Exercise details - Print exactly what appears from the line containing "OBJECT Úpletové šaty 'Bianka' zelená" through the final line of the data below, pictures excluded.

Source data -

[Start of section]

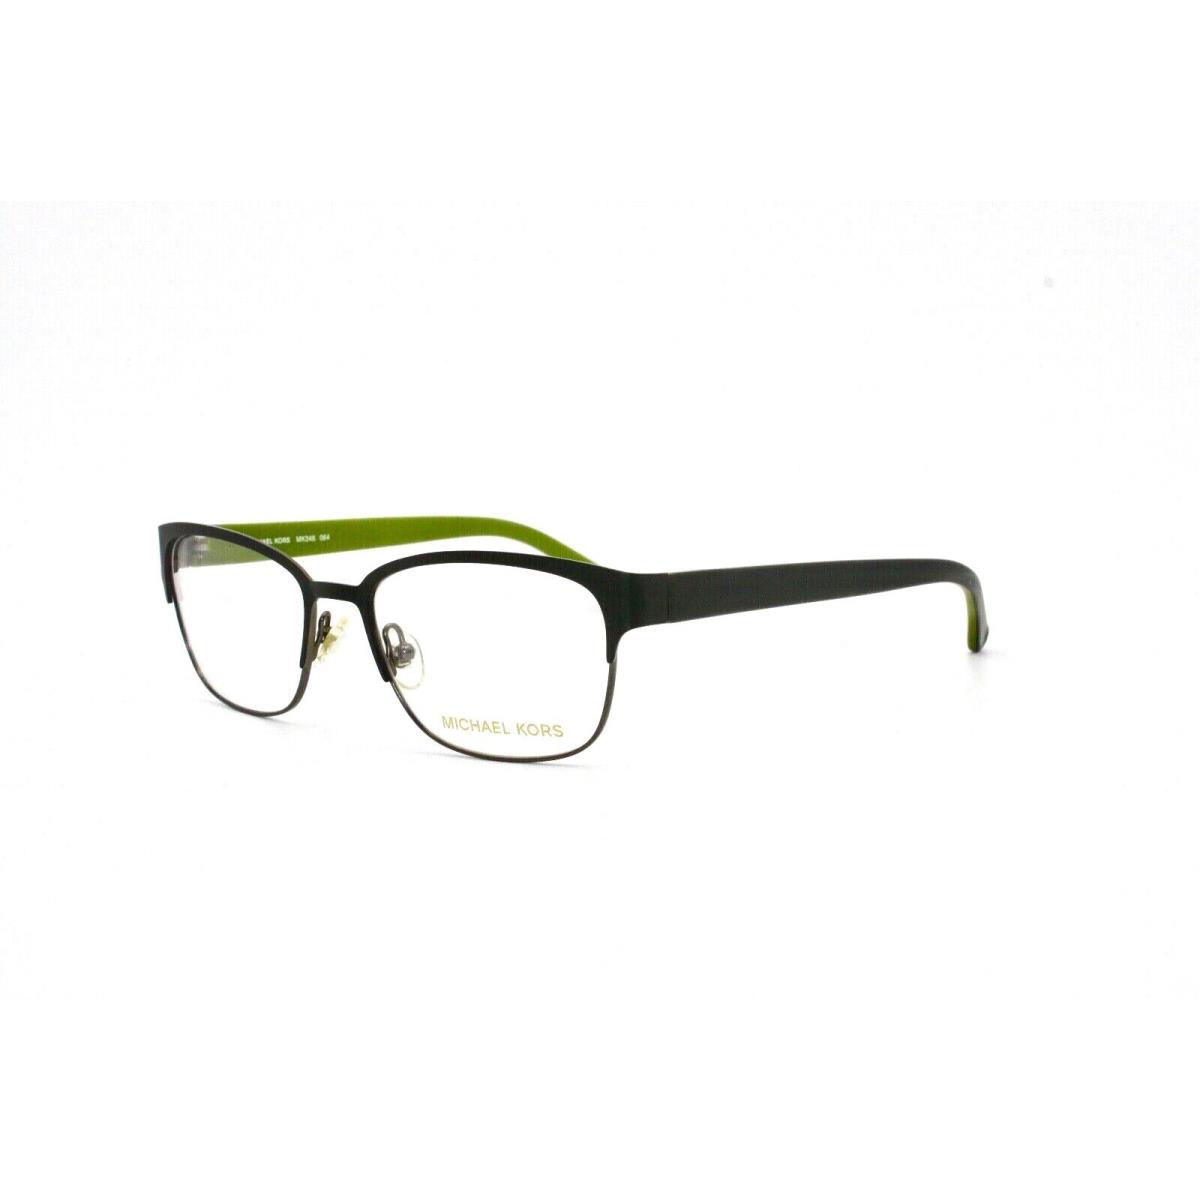 Michael Kors eyeglasses  - Green , Black Frame 0
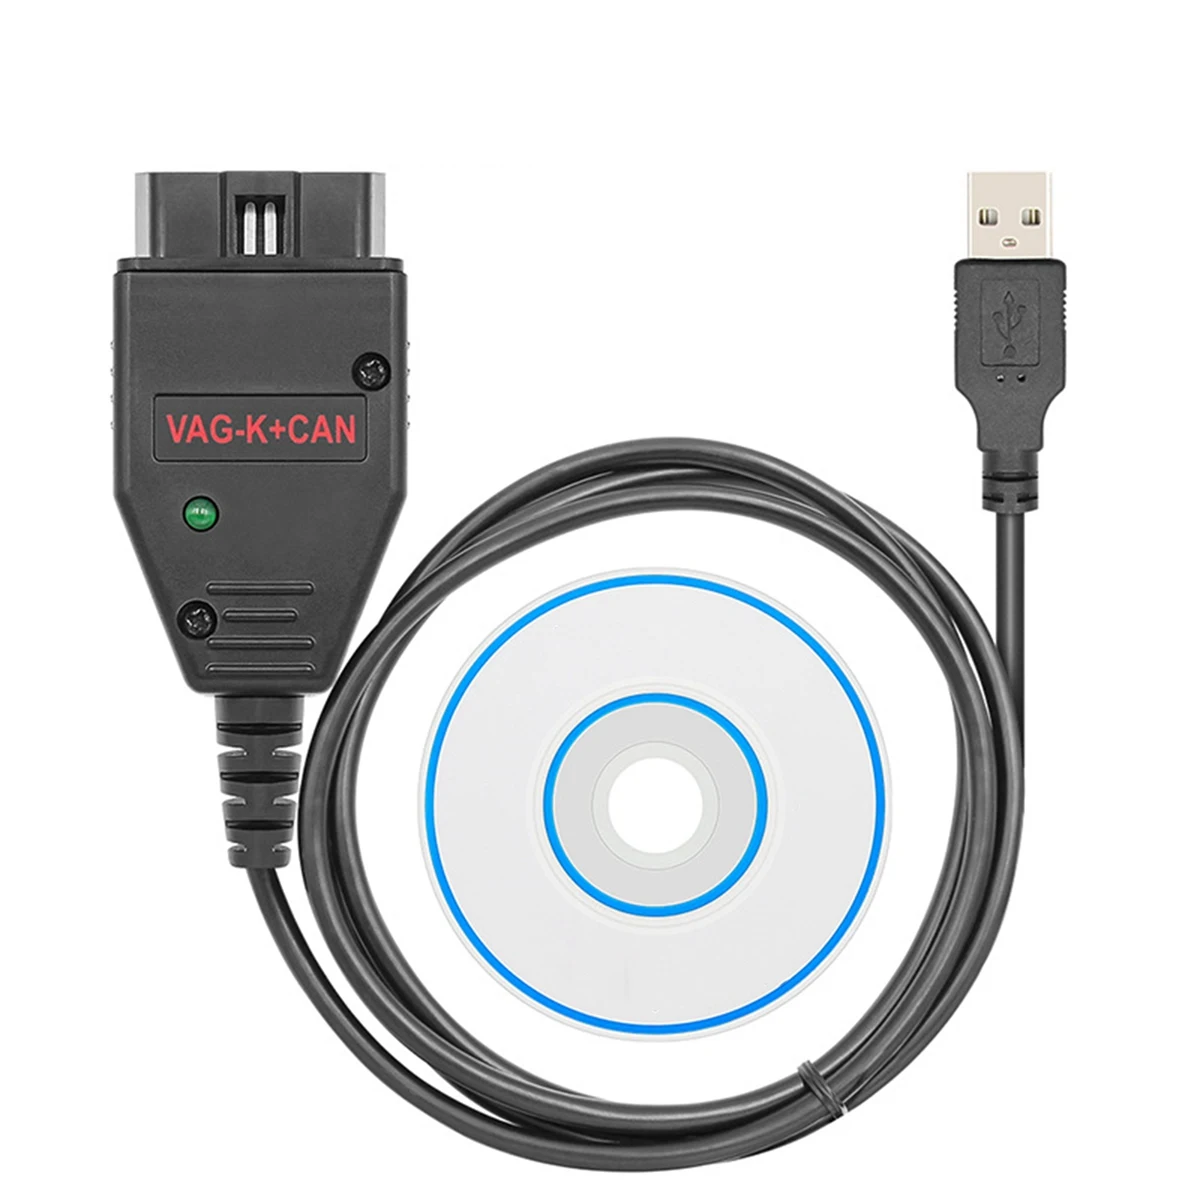 

VAG K+ CAN Commander 1.4 FTDI Chip OBD2 Scanner USB Cable Diagnostic Tool for VW/Audi/Skoda for VAG K-Line Commander
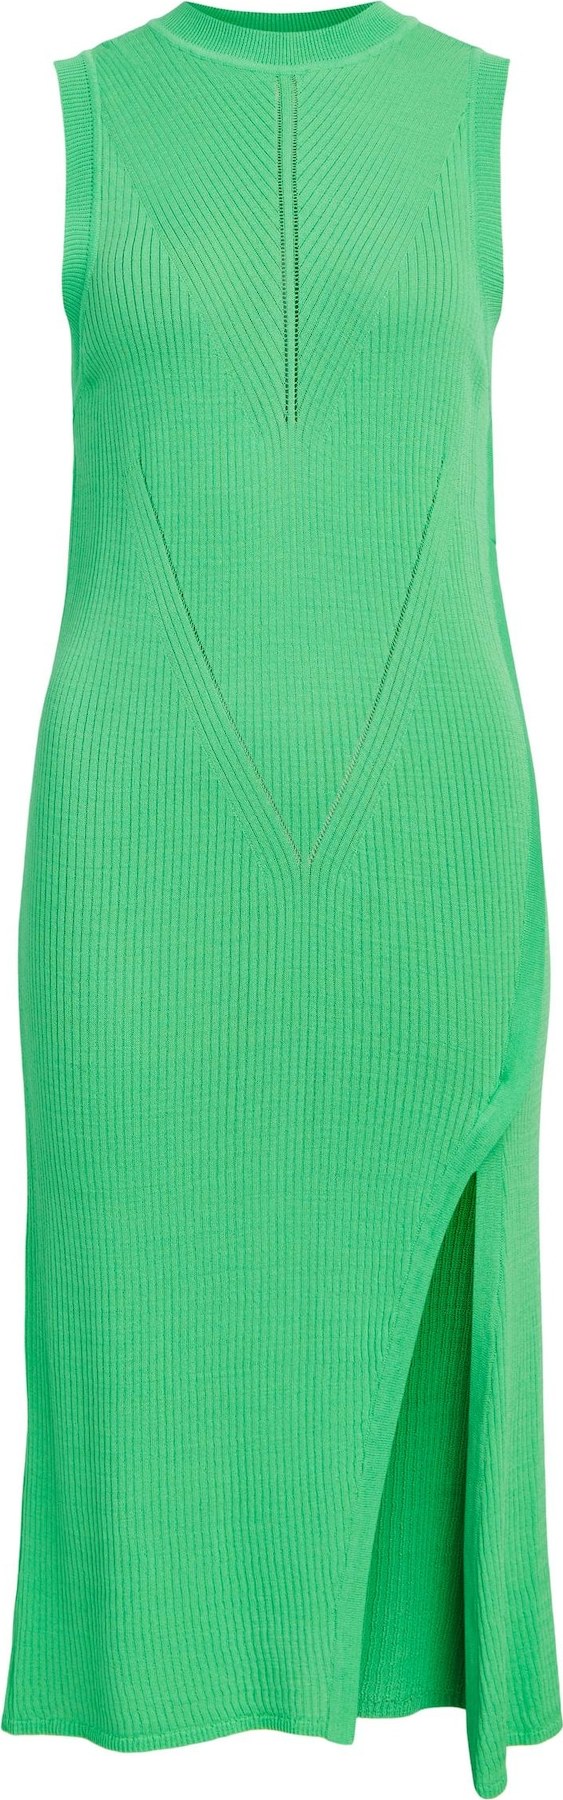 OBJECT Úpletové šaty 'Bianka' zelená
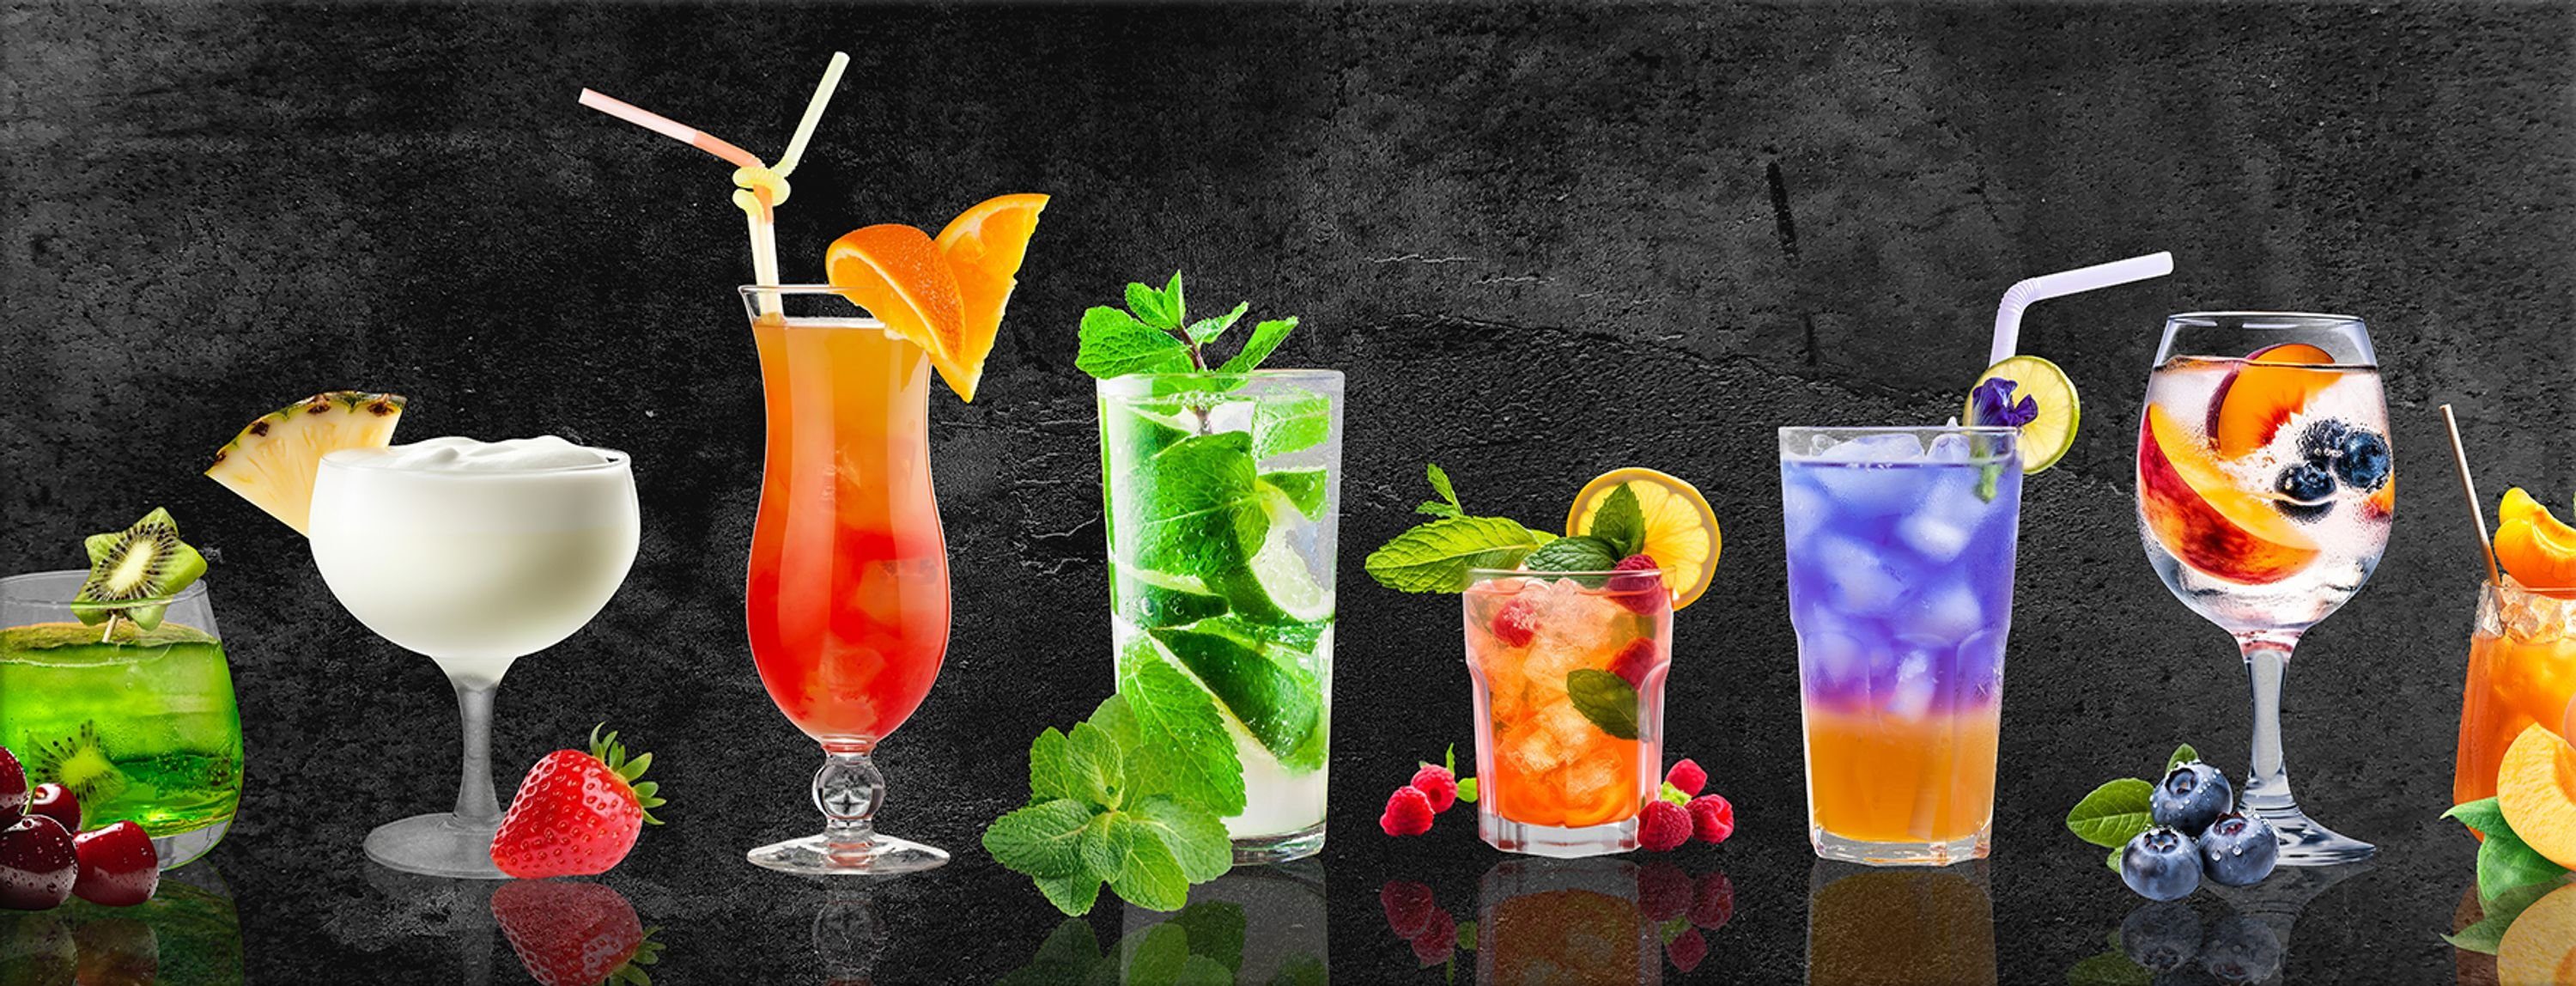 artissimo Glasbild Glasbild 80x30cm Bild aus Glas Küche Küchenbild bunt modern Bar Mojito, Essen und Trinken: Cocktails

[End of section]

Answer to this task -
 OBJECT Úpletové šaty 'Bianka' zelená
 artissimo Glasbild Glasbild 80x30cm Bild aus Glas Küche Küchenbild bunt modern Bar Mojito, Essen und Trinken: Cocktails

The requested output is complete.